By Stuart Geiger (@staeiou, User:Staeiou), licensed under the MIT license
Did you know that Wikipedia has been tracking aggregate, anonymized, hourly data about the number of times each page is viewed? There are data dumps, an API, and a web tool for exploring small sets of pages (see this blog post for more on those three). In this notebook, I show how to use python to get data on hundreds of pages at once -- every member of the U.S. Senate and House of Representatives in the 115th Congress, which was in session from 2016-2018.
In [1]:
!pip install mwviews pandas matplotlib seaborn
In [2]:
import mwviews
import pandas as pd
import matplotlib.pyplot as plt
import numpy as np
import seaborn as sns
%matplotlib inline
sns.set(font_scale=1.5)
The .txt files are manually curated lists of titles, based on first copying and pasting the columns displaying the names of the members of Congress at List_of_United_States_Senators_in_the_115th_Congress_by_seniority and List_of_United_States_Representatives_in_the_115th_Congress_by_seniority. Then each of the article links was manually examined to make sure they match the linked page, and updated if, for example, the text said "Dan Sullivan" but the article was at "Dan Sullivan (U.S. Senator)". Much thanks to Amy Johnson who helped curate these lists.

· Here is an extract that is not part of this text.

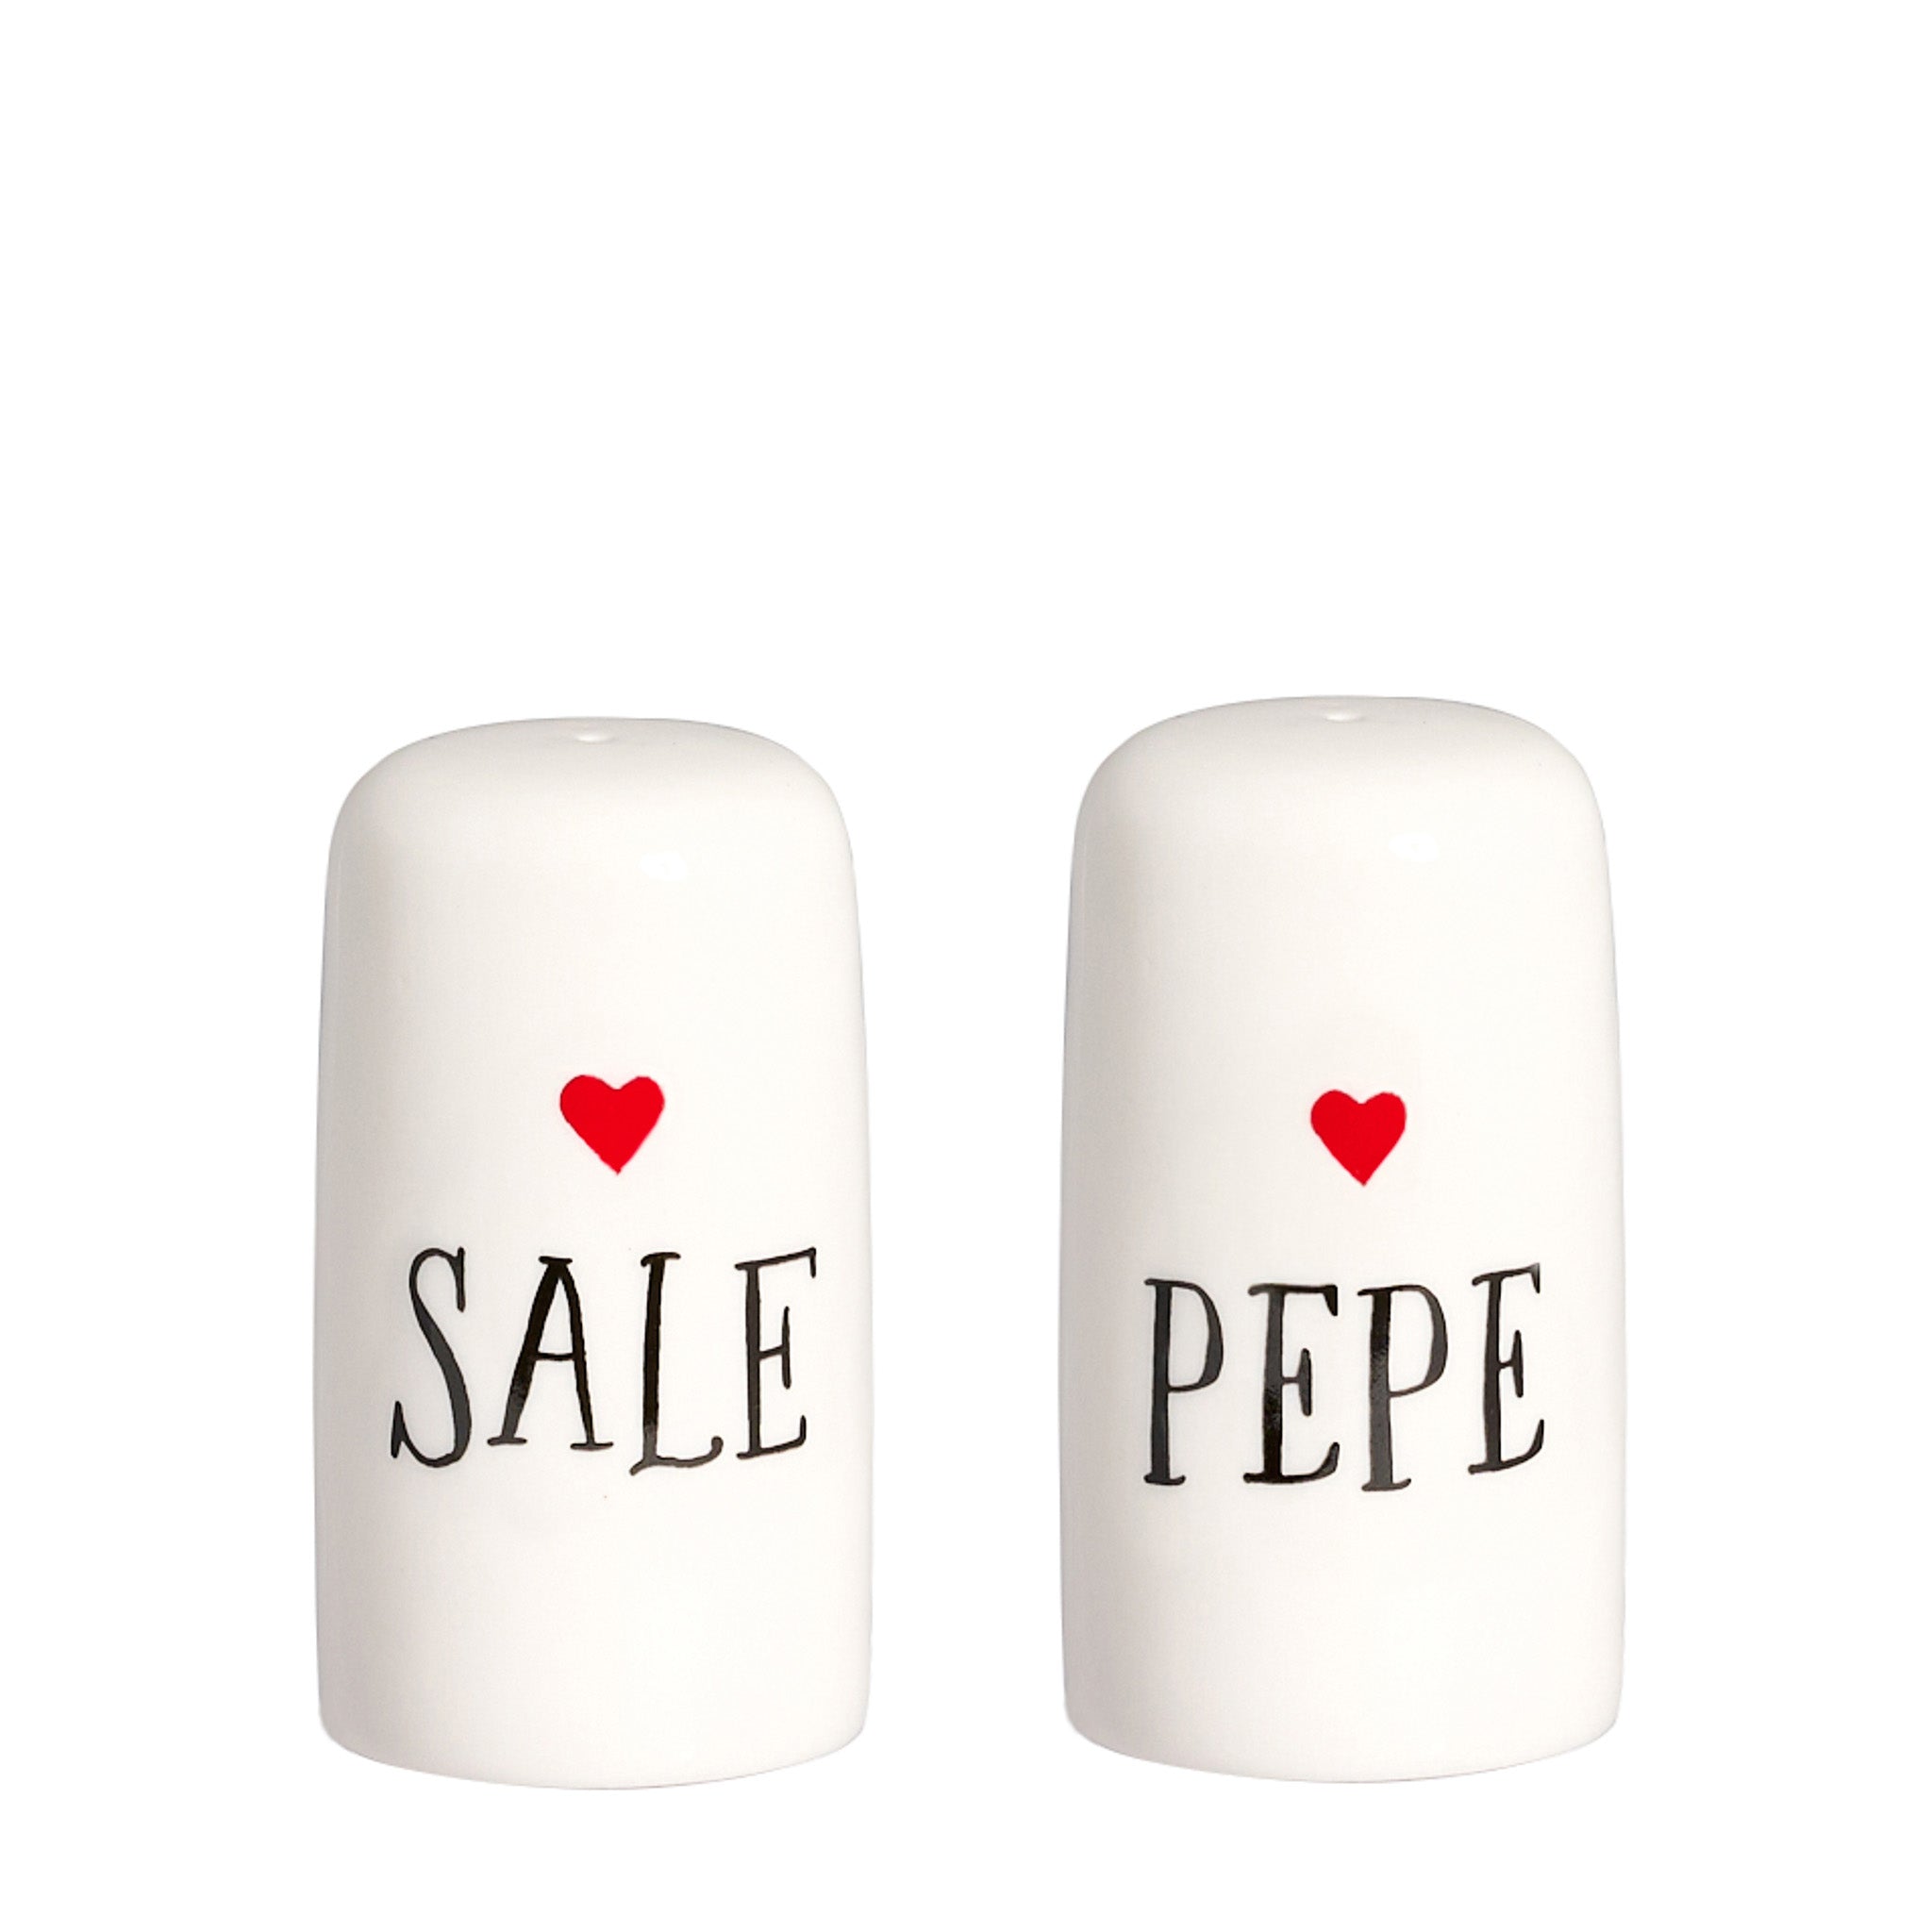 Set Sale e Pepe "Sale" - "Pepe" con cuore

I tried programmatically getting lists of all current members of Congress, but failed.
The files have one title per line, so we read it in and split it into a list with .split("\n")
In [3]:
with open("senators.txt") as f:
senate_txt = f.read()
senate_list = senate_txt.split("\n")
In [4]:
senate_list[0:5]
Out[4]:
Checking the length of the list, we see it has 100, which is good!
In [5]:
len(senate_list)
Out[5]:
We do the same with the house list, and we get 431 because there are currently some vacancies.
In [6]:
with open("house_reps.txt") as f:
house_txt = f.read()
house_list = house_txt.split("\n")
In [7]:
house_list[0:5]
Out[7]:
In [8]:
len(house_list)
Out[8]:
mwviews makes it much easier to query the pageviews API, so we don't have to directly call the API. We can also pass in a (very long!) list of pages to get data. We get back a nice JSON formatted response, which pandas can convert to a dataframe without any help.

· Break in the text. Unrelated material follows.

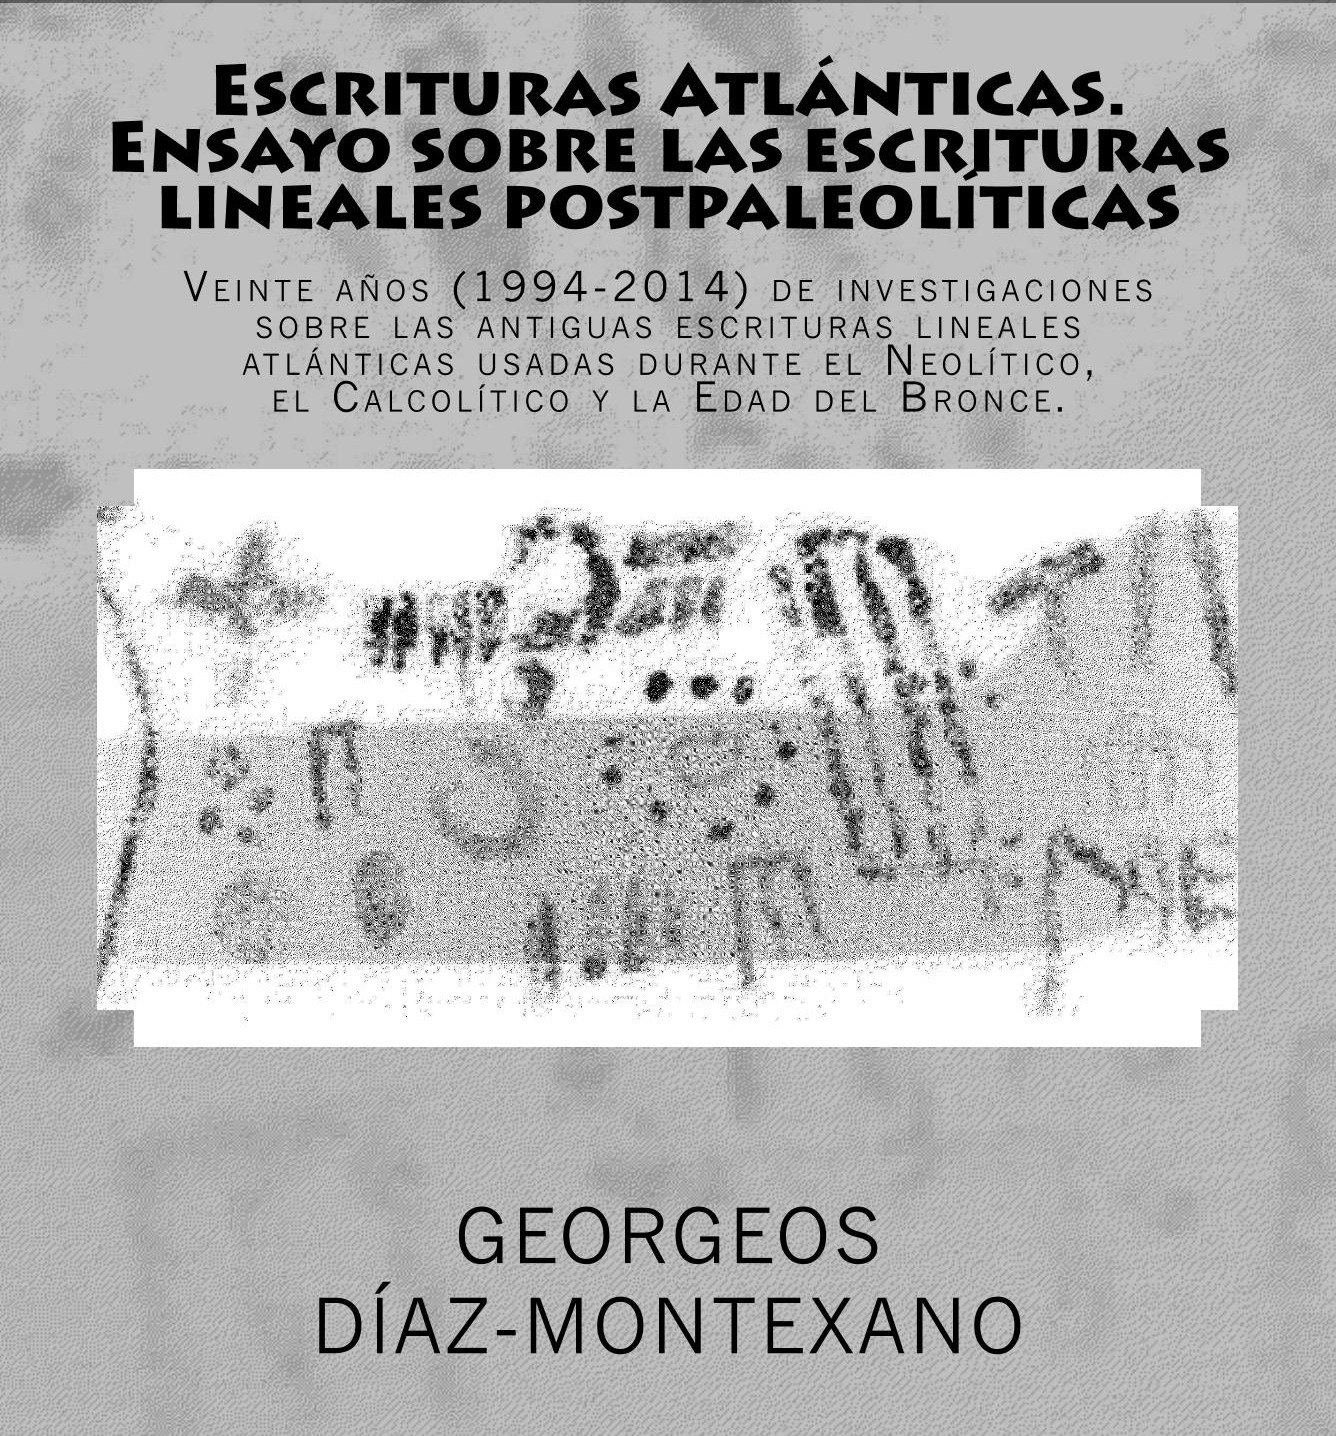 Signos ELA en pinturas rupestres de la cueva Navazuelas, Cáceres. Fuente: Georgeos Díaz-Montexano

The main way to interact via mwviews is the PageviewsClient object, which we will create as p for short.
In [ ]:
In [9]:
your_contact_info = "stuart@stuartgeiger.com"
In [10]:
from mwviews.api import PageviewsClient
p = PageviewsClient(user_agent="Python query script by " + your_contact_info)
When we query the API for the view data, we can set many variables in p.article_views(). We pass in senate_list as our list of articles. Granularity can be monthly or daily, and start and end dates are formatted as YYYYMMDDHH. You have to include precise start and end dates by the hour, and it will not give super helpful error messages if you do things lie set your end date before your start date or things like that. And also know that the pageview data only goes back a few years.
In [11]:
senate_views = p.article_views(project='en.wikipedia',
articles=senate_list,
granularity='monthly',
start='2016010100',
end='2018123123')
senate_df = pd.DataFrame(senate_views)
If we peek at the first 10 rows and 5 columns in the dataframe, we see it is formatted with one row per page, and one column per month:
In [12]:
senate_df.iloc[0:10, 0:5]
Out[12]:
We transpose this (switching rows and columns), then set the index of each row to a more readable string, Year-Month:
In [13]:
senate_df = senate_df.transpose()
senate_df = senate_df.set_index(senate_df.index.strftime("%Y-%m")).sort_index()
In [14]:
senate_df.iloc[0:5, 0:10]
Out[14]:
We can get the sum for each page by running .sum(), and we can peek into the first five pages:
In [15]:
senate_sum = senate_df.sum()
senate_sum[0:5]
Out[15]:
We can get the sum for each month by transposing back and running .sum() on the dataframe:
In [16]:
senate_monthly_sum = senate_df.transpose().sum()
senate_monthly_sum
Out[16]:
And we can get the sum of all the months from 2016-01 to 2018-12 by summing the monthly sum, which gives us 163.6 million pageviews:
In [17]:
senate_monthly_sum.sum()
Out[17]:
We can use the built-in plotting functionality in pandas dataframes to show a monthly plot. You can adjust kind to be many types, including bar, line, and area.
In [18]:
fig = plt.figure()
plt.title("Monthly Wikipedia pageviews for all U.S. Senators")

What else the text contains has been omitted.